A central paradigm within structural biology is the concept of domains. In past definitions, domains would be linked to units of compact structure, evolution and folding, and/or function. With the advent of modern bioinformatics, the conservation of domains throughout evolution became instantly recognisable, leading to the established view that domains can be represented by a specific sequence of secondary structure elements that adopt a canonical form when in solution. Much less appreciated but still important is that a significant number of domains have additional elements of structure that lie almost immediately before or after the canonical domain, extending the domain. The presence of these extensions and their impact on folding, structure, dynamics, and function of the domain to which it is attached is of particular significance for the PDZ domain (which was named after the three proteins - PSD95, DLG1, and ZO1 - that led to its discovery).

Figure 1: Canonical and extended PDZ structures. Panel A shows a ribbon representation of the structure of PSD-95 PDZ2. The canonical fold contains six β-sheets and two α-helices. A peptide ligand (orange) is shown bound to the PDZ. Panel B shows a ribbon representation of the structure of PSD-95 PDZ3, which is an example of an extended PDZ domain. Notice the additional helix (pink) at the C-terminal end of the canonical PDZ domain.

Materials and Methods

We searched for extended PDZ domains using bioinformatics, using the definition that extensions are structured regions outside the canonical PDZ domain boundary. To perform this search, we initially needed sequences and domain boundary information for PDZ-containing proteins. We also needed methods of predicting structure from sequence; we used several programs to predict secondary structure and to predict disorder. All predictions have been collated into this database, which uses PHP to display the results and MySQL to store the data. Figure 2 illustrates the overall procedure used to generate the predictions, highlighting five main steps:

Figure 2: Flowchart of the process used to search for structured PDZ extensions. The general procedure is shown on the left, and a more specific example, which uses only the C-terminal extension region as input for prediction by the program PSIPRED, is shown on the left.

Select Database

We chose UniProt, a source of curated protein entries, as the source of our protein sequences and domain boundary definitions. We extracted sequences that contained at least one PDZ domain and were complete (i.e. not a fragment) and reviewed because the quality of the annotation was important for this study. From UniProt, we obtained 154 human and 128 mouse sequences that satisfied our search criteria. (We did not look at other species in detail because our search criteria gave us very few results; e.g. 12 from zebrafish, and 13 from fruitfly.)

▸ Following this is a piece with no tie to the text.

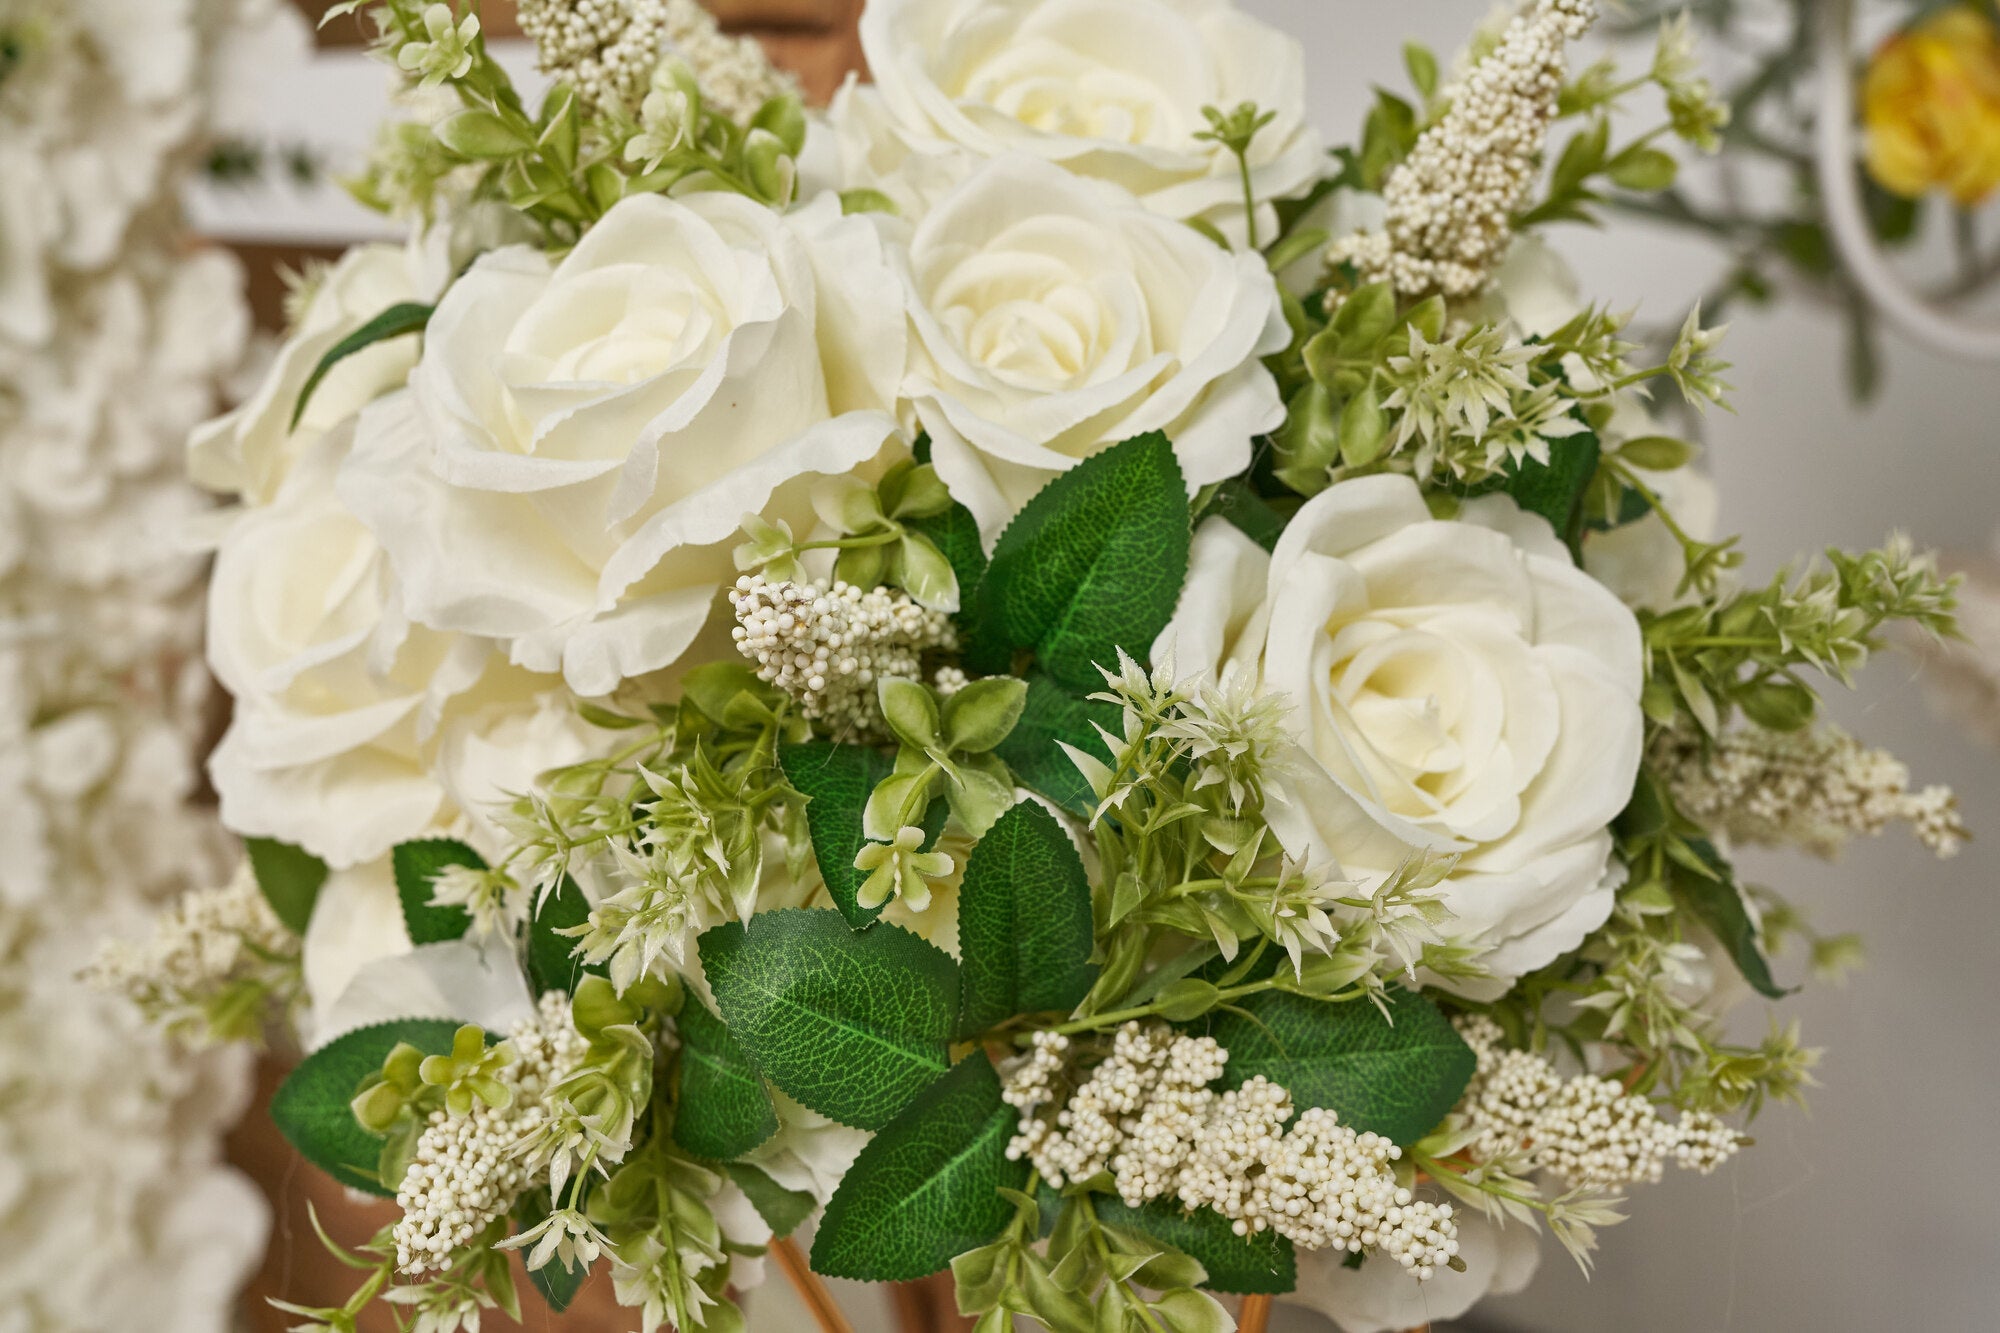 Flower Ball Sage & White Wedding Proposal Party Centerpieces Decor

Extract Sequence and Domain Boundaries

Each reviewed protein entry in UniProt contains sequence annotation information, such as the start and end position of any constituent domains. We used these annotations to define the location of the PDZ domains (and other domain types) in protein sequences we extracted. The canonical PDZ domain contains six β-sheets and two α-helices; often, domain boundary definitions in other databases, such as SMART, ignores the first β-sheet, causing the predictions for the N-terminal extension region to be biased. We believe that the curated entries of UniProt would provide the most accurate domain boundary definitions compared to other available databases.

Define Input Sequence

All prediction programs require an input sequence. The results from these prediction programs can be sensitive to the composition of the input sequence. Therefore, we decided to use different input sequences to give us an idea of how the predictions varied. Figure 3, panel B in particular, shows the different input sequences that were used for the predictions. Each input sequence contained at least a 50 amino acid long extension sequence (extending either the N- or C-terminus of the PDZ domain), but differed by their start or end position.

Figure 3: Input Sequences for Predictions. Panel A shows the overall region that was analysed. We focused on sequence regions that are 50 amino acid residues in length on either side of the PDZ domain. The canonical secondary structure content of a PDZ domain is also illustrated. Panel B shows the different input boundaries used for predictions. The dotted box highlights the regions used for analysis of the prediction results.

Run Prediction

We were interested in looking for structured regions in the input sequences. To do this, we used the programs PSIPRED, PROFPHD, and PREDATOR to predict secondary structure and DISEMBL and DISOPRED to predict disorder. We used the default parameters for each program.

Analyse Result

After the predictions were made, we applied several metrics to analyse the 50 amino acid extension region on both ends of the PDZ domain. Details of each prediction can be viewed by clicking on the appropriate entry. We summarized the predictions in several plots and they can be viewed in more detail by clicking the statistics links on the left side menu.